## PROBLEM:
Among the records below, find the line with "SnapIt logo grid system" and the line with "12 x 20 Rectangular". Set down both and every line between, exactly and with no pictures, but nothing else.

## MATERIAL FOR THIS EXERCISE:

__________________________________________________

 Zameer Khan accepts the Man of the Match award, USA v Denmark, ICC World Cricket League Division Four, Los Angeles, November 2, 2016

__________________________________________________

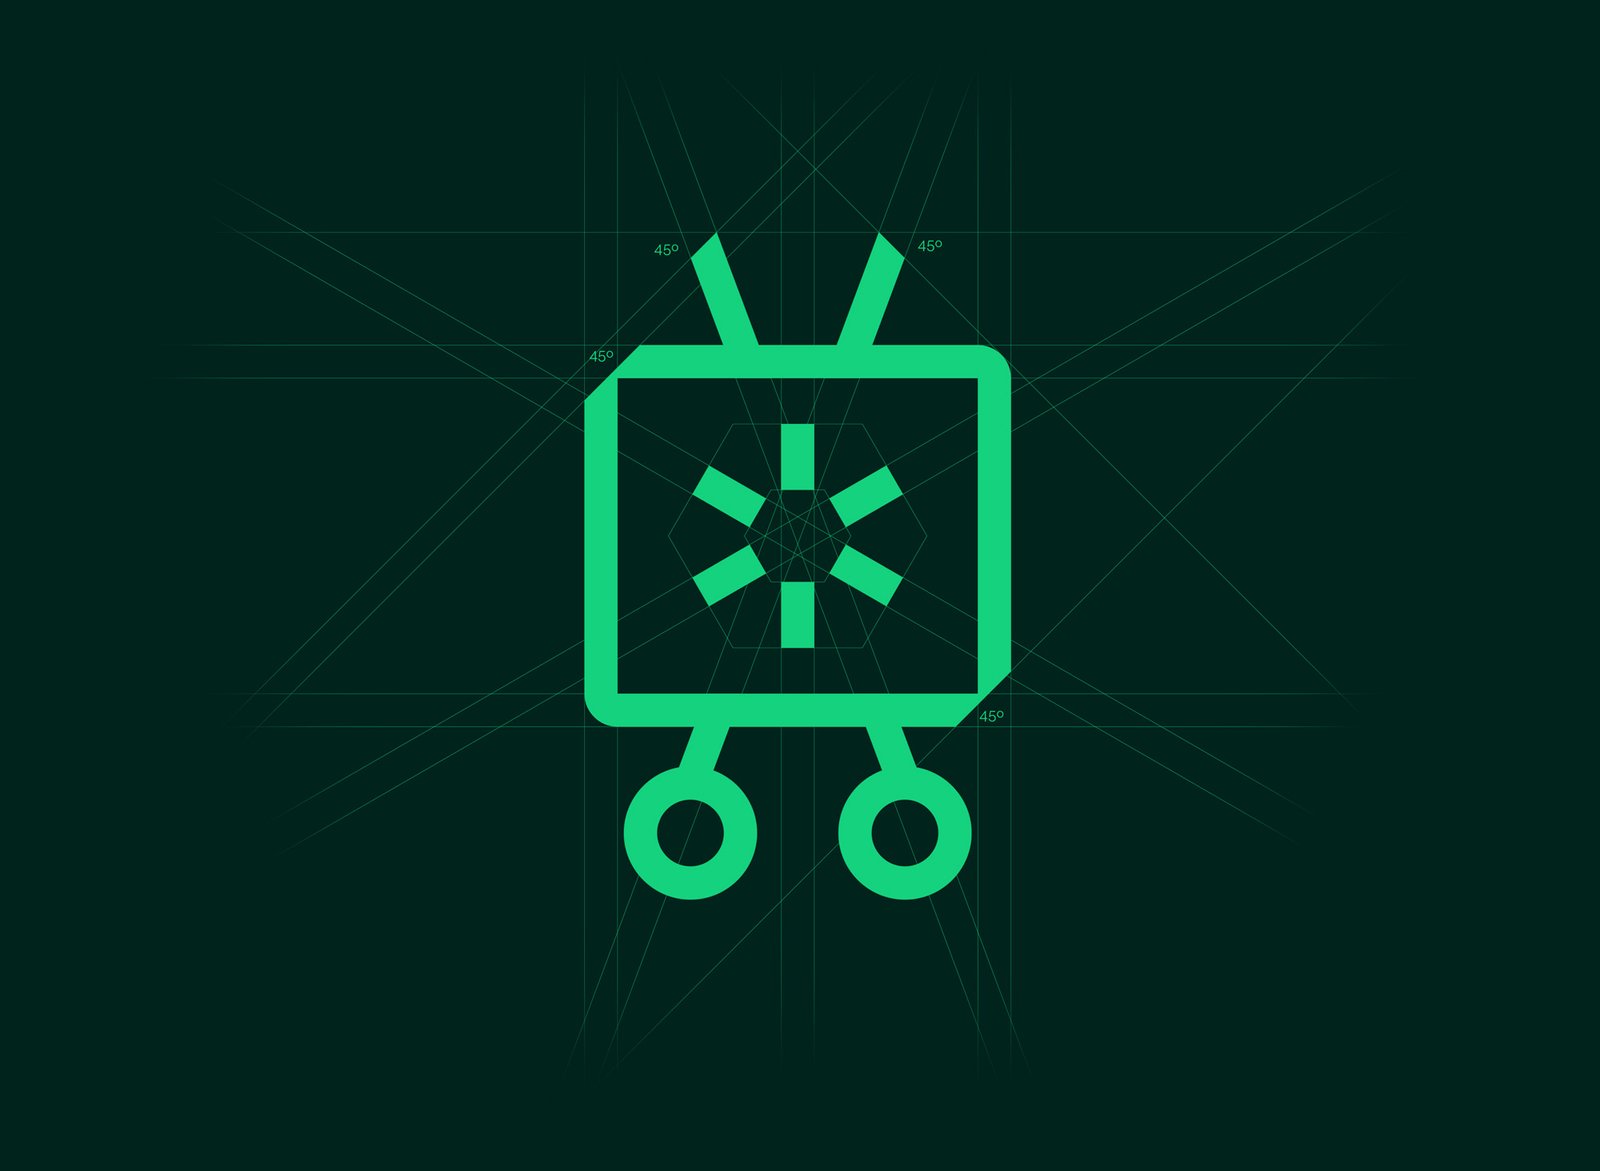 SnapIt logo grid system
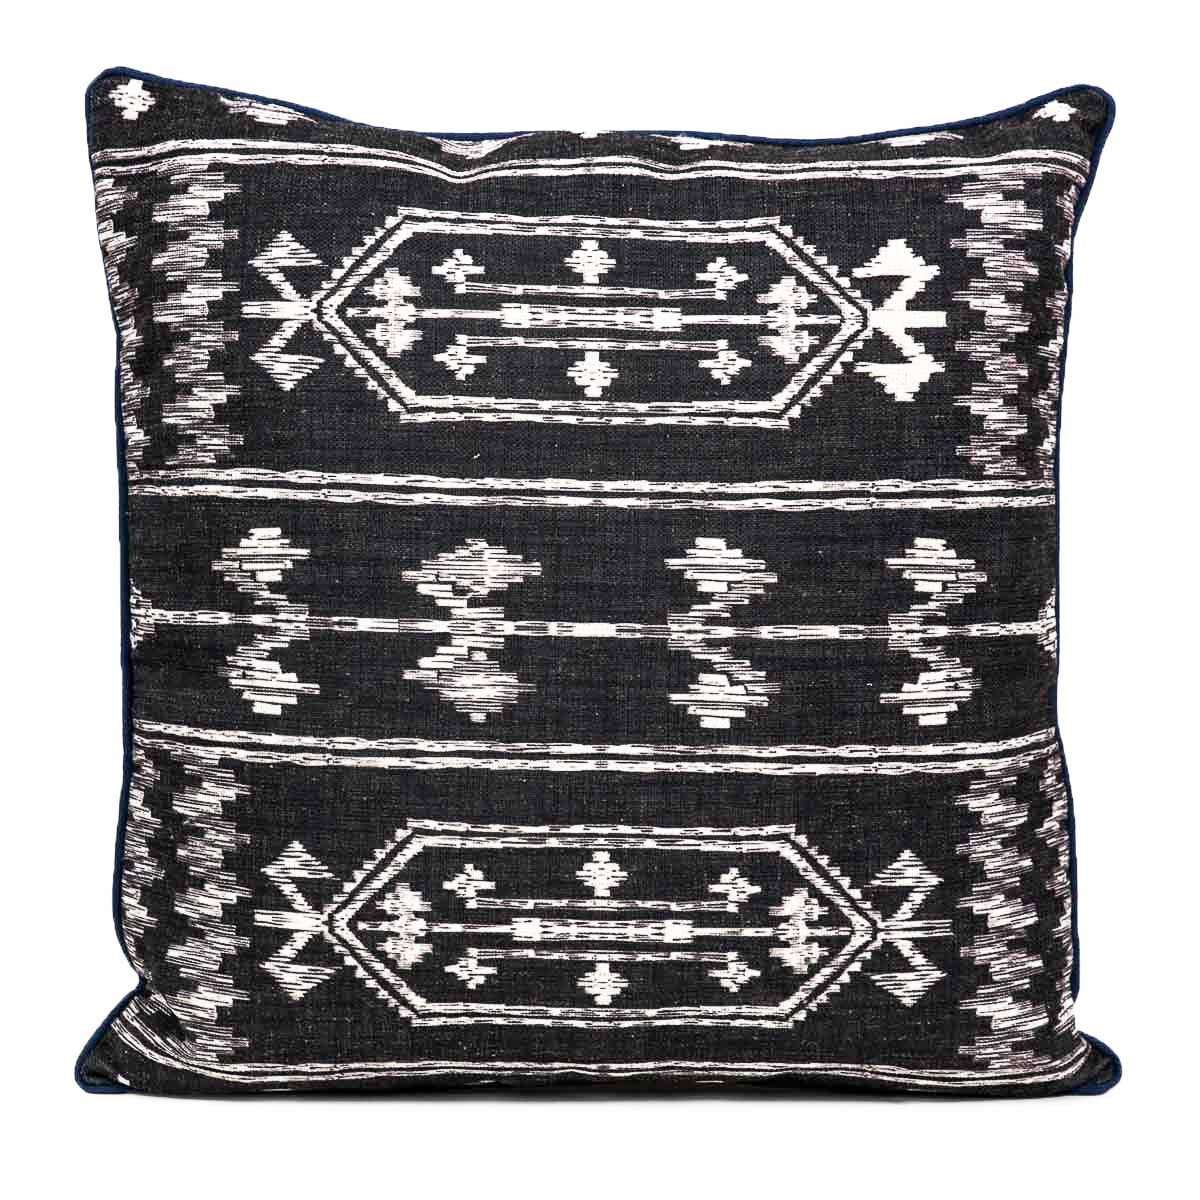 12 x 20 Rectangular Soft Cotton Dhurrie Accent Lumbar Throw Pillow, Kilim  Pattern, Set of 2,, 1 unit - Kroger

__________________________________________________

## ANSWER TO THE PROBLEM:
 SnapIt logo grid system
 12 x 20 Rectangular Soft Cotton Dhurrie Accent Lumbar Throw Pillow, Kilim  Pattern, Set of 2,, 1 unit - Kroger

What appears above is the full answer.